→ Data to examine
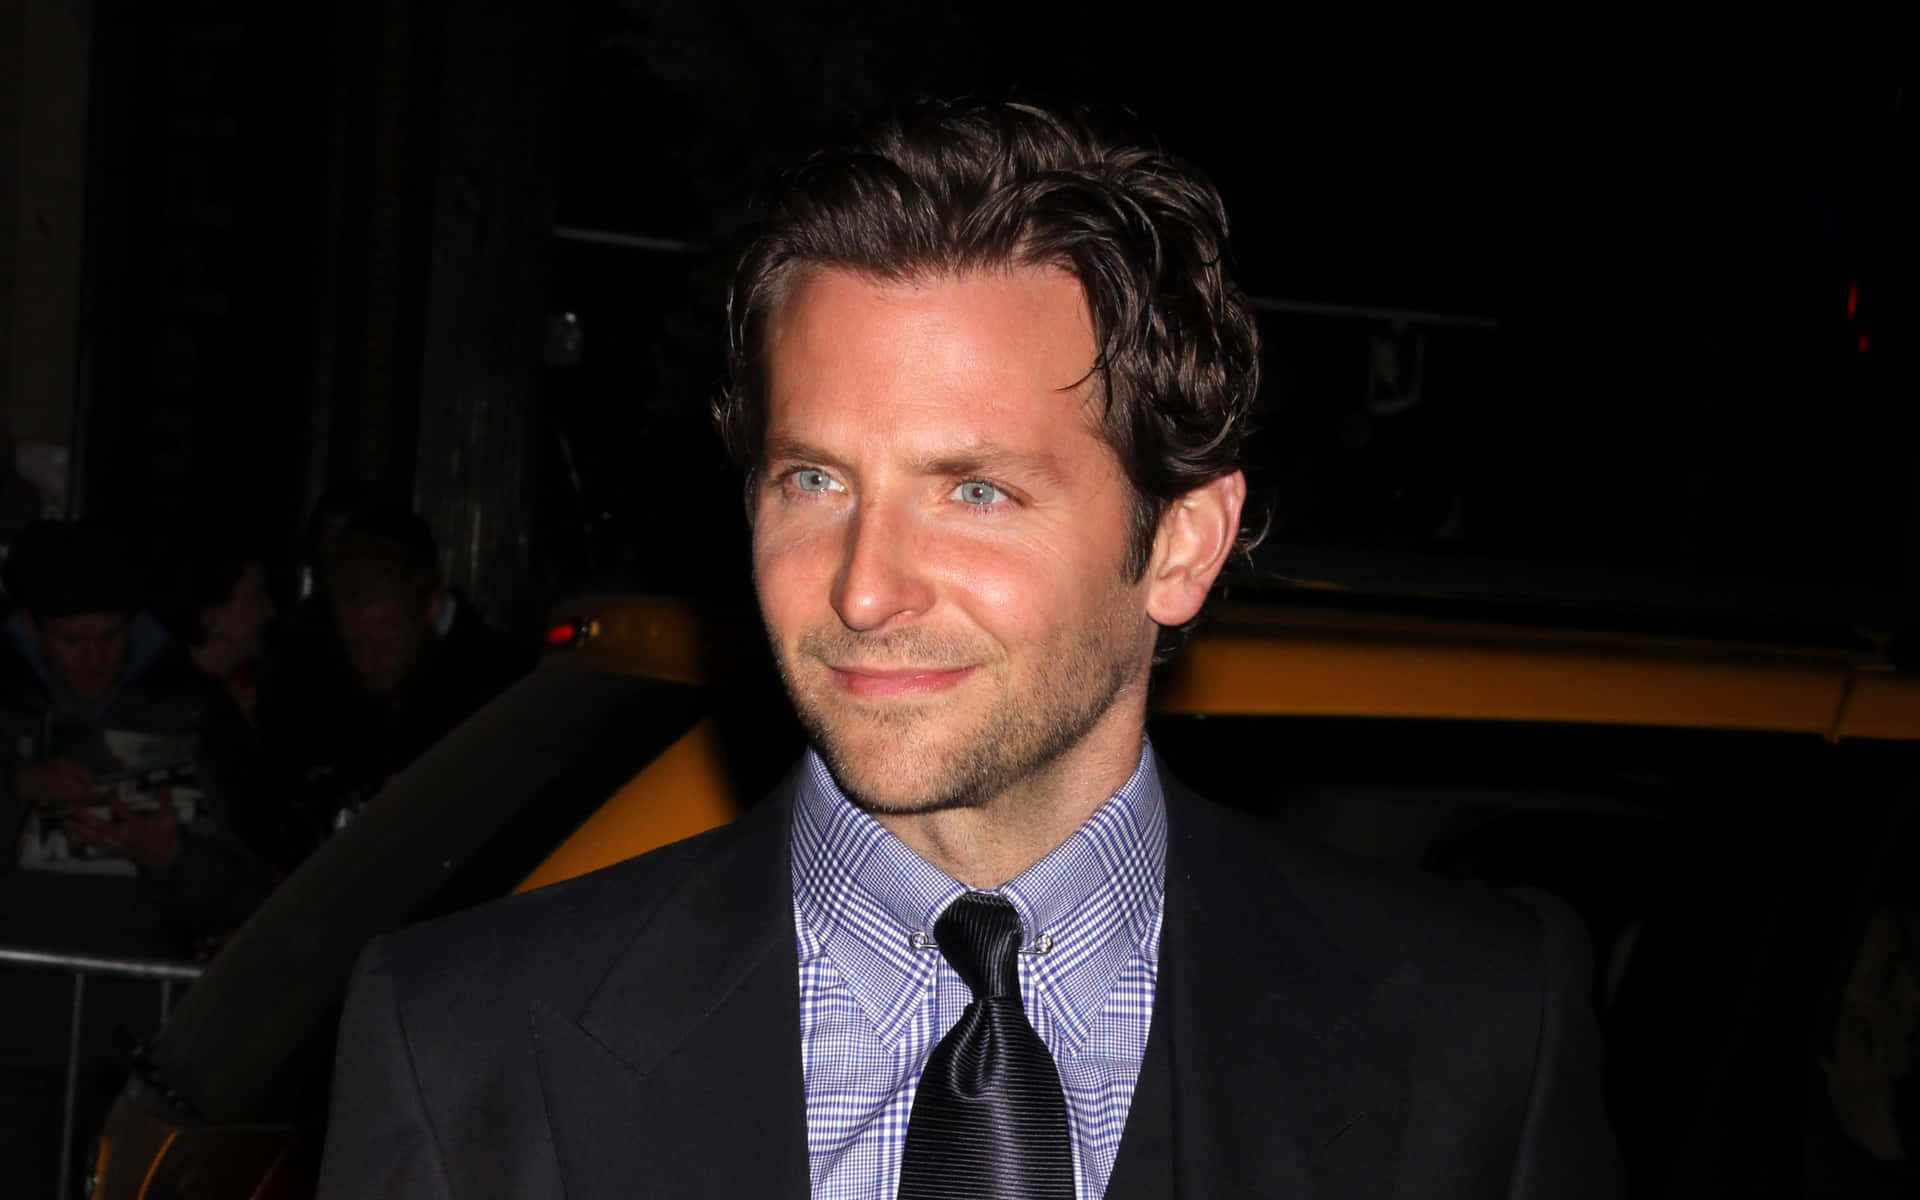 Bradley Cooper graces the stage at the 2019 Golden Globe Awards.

==

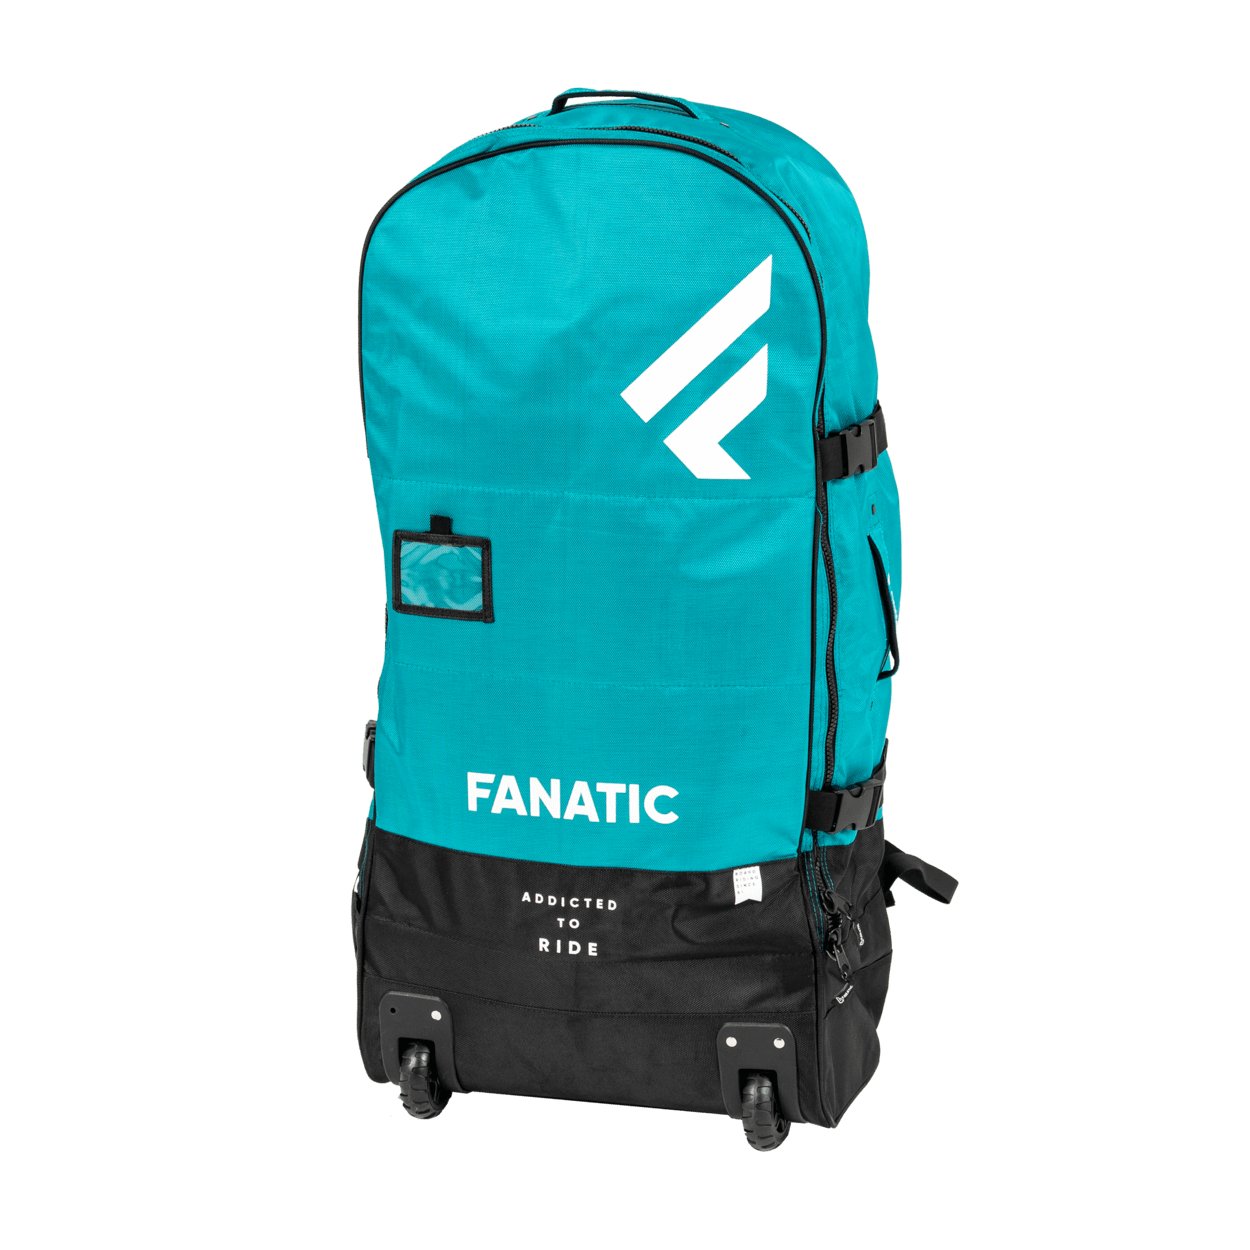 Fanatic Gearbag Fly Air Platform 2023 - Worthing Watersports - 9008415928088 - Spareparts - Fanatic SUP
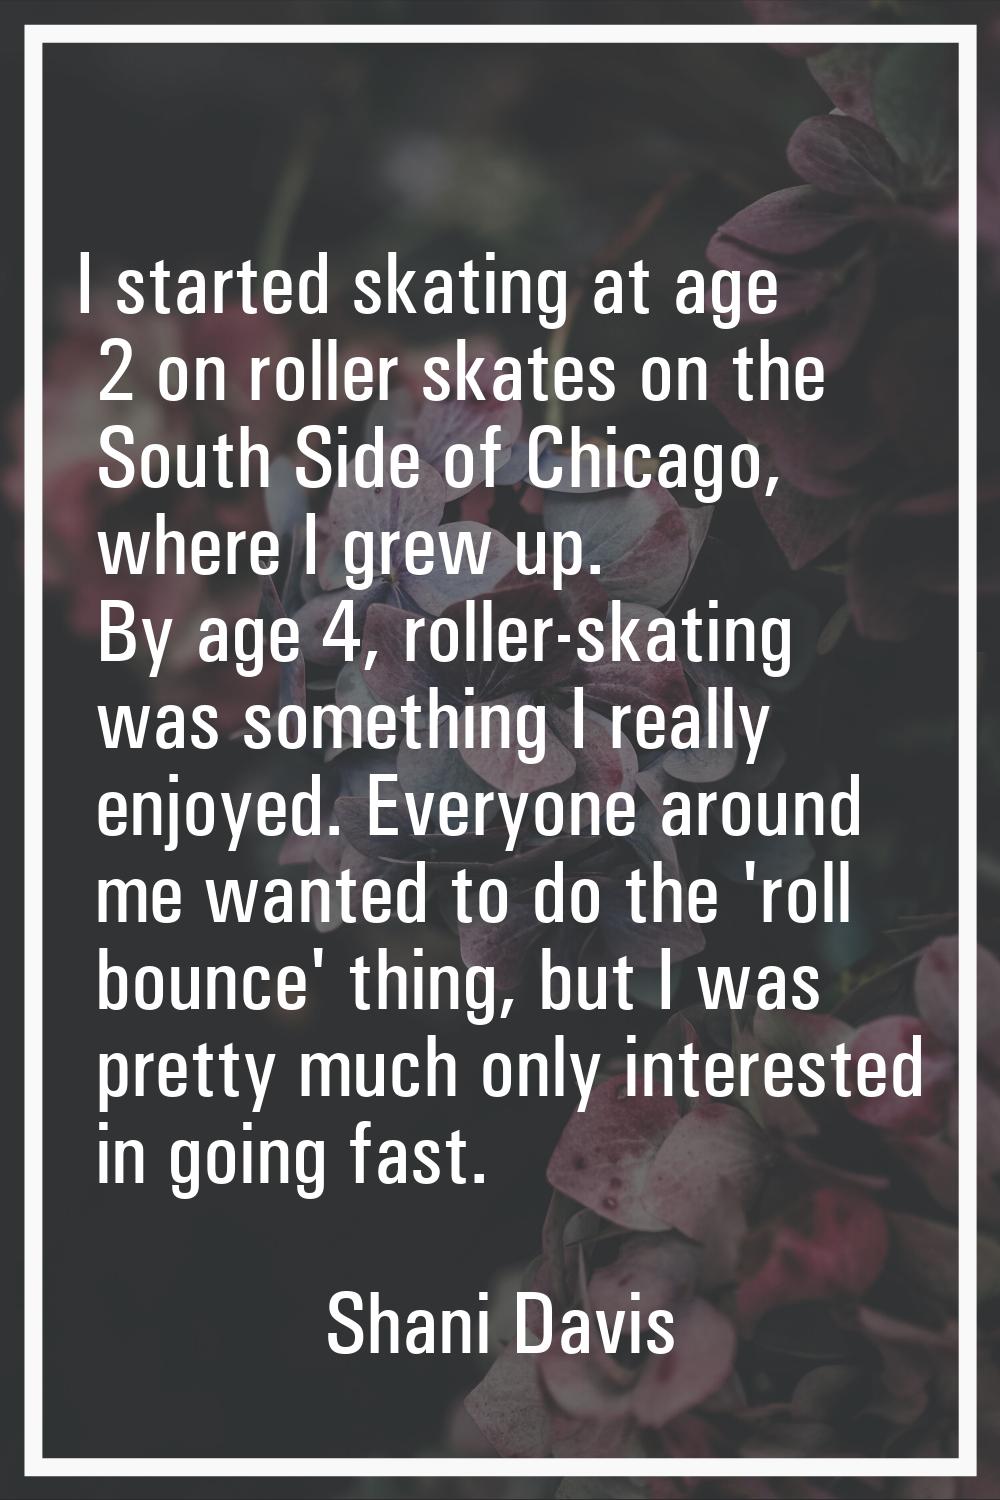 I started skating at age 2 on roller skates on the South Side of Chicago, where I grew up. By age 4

→ Assigned task
After locating the line containing "Fanatic Gearbag Fly" in the entries above, return it and every line after it exactly, ending at the line containing "I started skating", without pictures.

→ Solution
 Fanatic Gearbag Fly Air Platform 2023 - Worthing Watersports - 9008415928088 - Spareparts - Fanatic SUP
 I started skating at age 2 on roller skates on the South Side of Chicago, where I grew up. By age 4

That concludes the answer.